Starship SN16 is already more or less complete could easily be ready to roll to the launch pad within the next week. Odds are good that SpaceX will use SN16 to (hopefully) replicate Starship SN15’s spectacular success and prove beyond a shadow of a doubt that the vehicle’s current design has fixed the issues that doomed SN8 through SN11. With SpaceX’s Starship program, though, just about anything is possible – especially at a point that CEO Elon Musk appears to be seriously considering a giant tower with arms as a replacement for landing legs.
Meanwhile, Musk himself confirmed that SpaceX is working towards a goal of launching Starship into orbit for the first time by July 2021. Beginning with Starship SN20, those initial orbital flight tests will use Starship prototypes with still more upgrades beyond the “hundreds of improvements” present of SN15. It’s unclear how significant the upgrades needed to move from SN15’s design to an orbit-capable Starship are but at minimum, SpaceX will need to outfit orbital ships with a full heat shield and three new vacuum-optimized Raptors on top of the three sea-level engines already flown on SN8 through SN15.
Musk has implied that recovering a Starship prototype from orbit could take several failed attempts before the first success. Along those lines, SpaceX has its work cut out for it given that Starship will be the heaviest orbital spacecraft ever launched by a large margin. Unlike the ~100 metric ton (220,000 lb) Space Shuttle orbiter, though, SpaceX won’t be gambling the lives of astronauts on Starship’s initial orbital flight tests, leaving far more room for uncertainty and risk-taking.

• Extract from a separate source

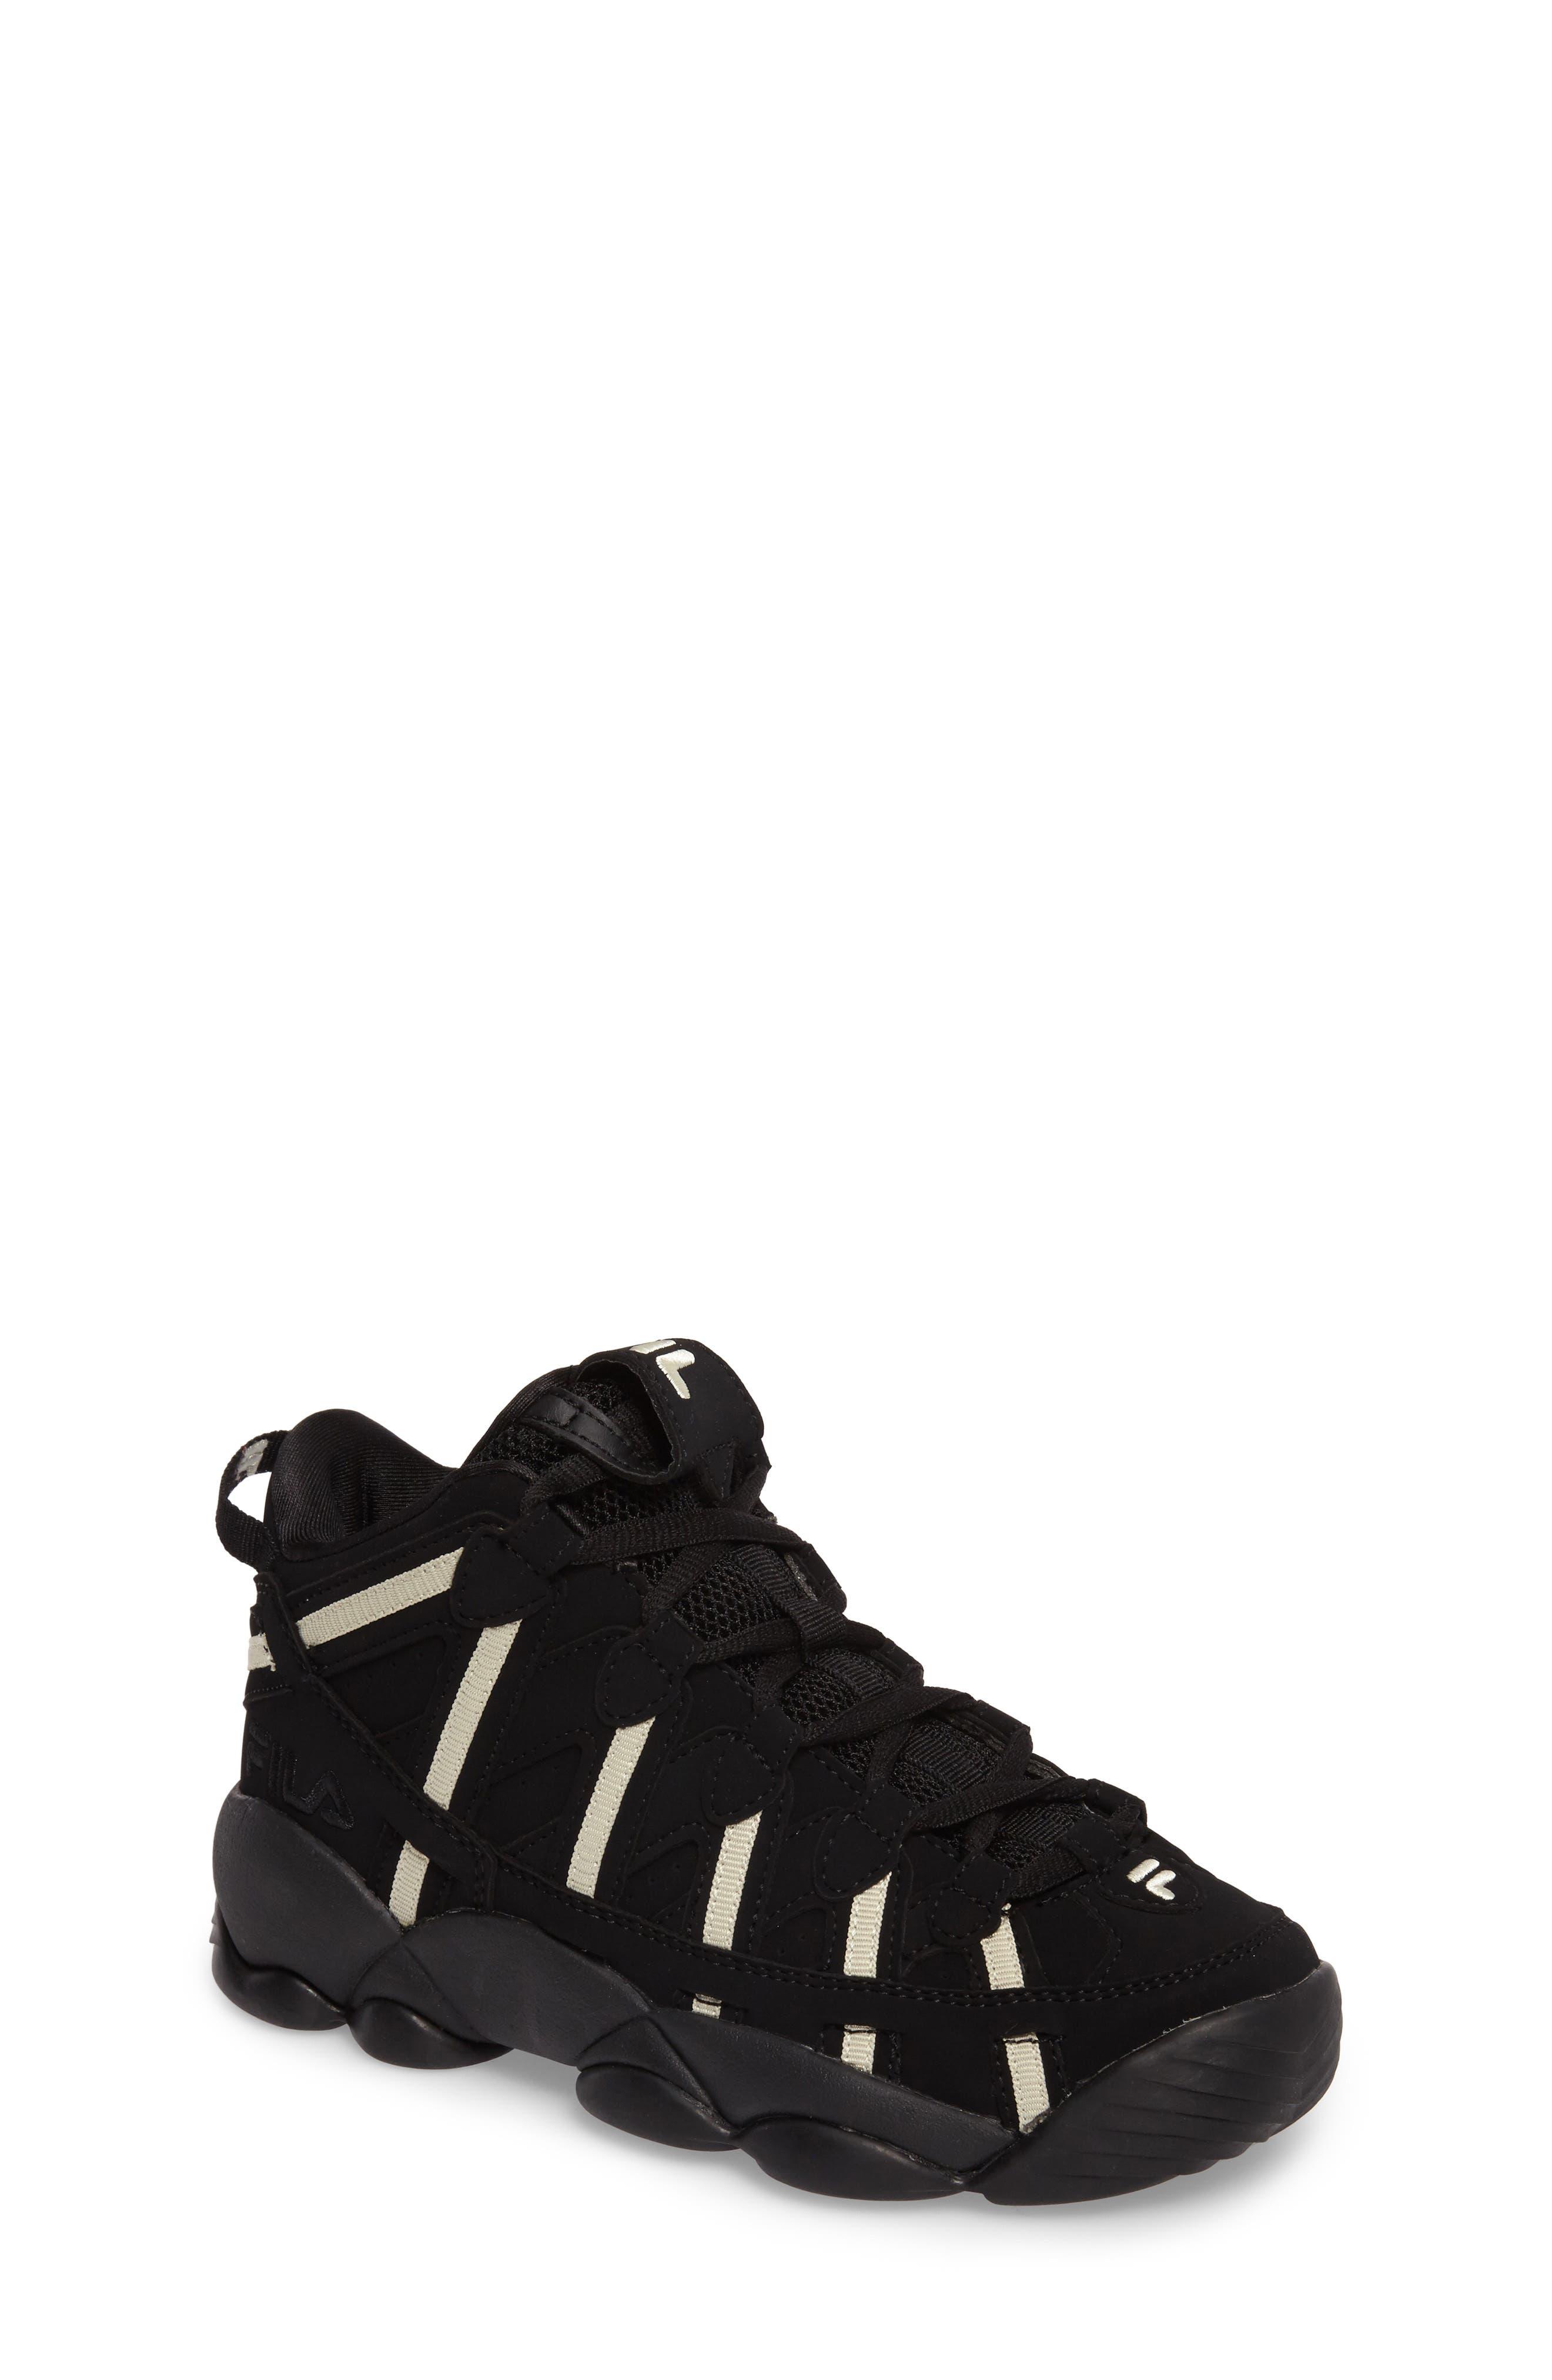 Spaghetti Deluxe Mid Top Sneaker,                             Main thumbnail 1, color,                             Black/ Cream

Beyond Starship itself, SpaceX has yet to complete or test a flightworthy Super Heavy booster prototype and the company’s orbital-class Starship launch facilities are far from complete. Many parts of Super Heavy boosters BN2 and BN3 have been completed and are waiting for integration to begin and SpaceX has made a huge amount of progress on said orbital launch site over the last six months, but months of work almost certainly remain before either crucial component will be ready for orbital launch attempts.
For now, we’ll just have to wait and see what happens to Starship SN15 and SN16.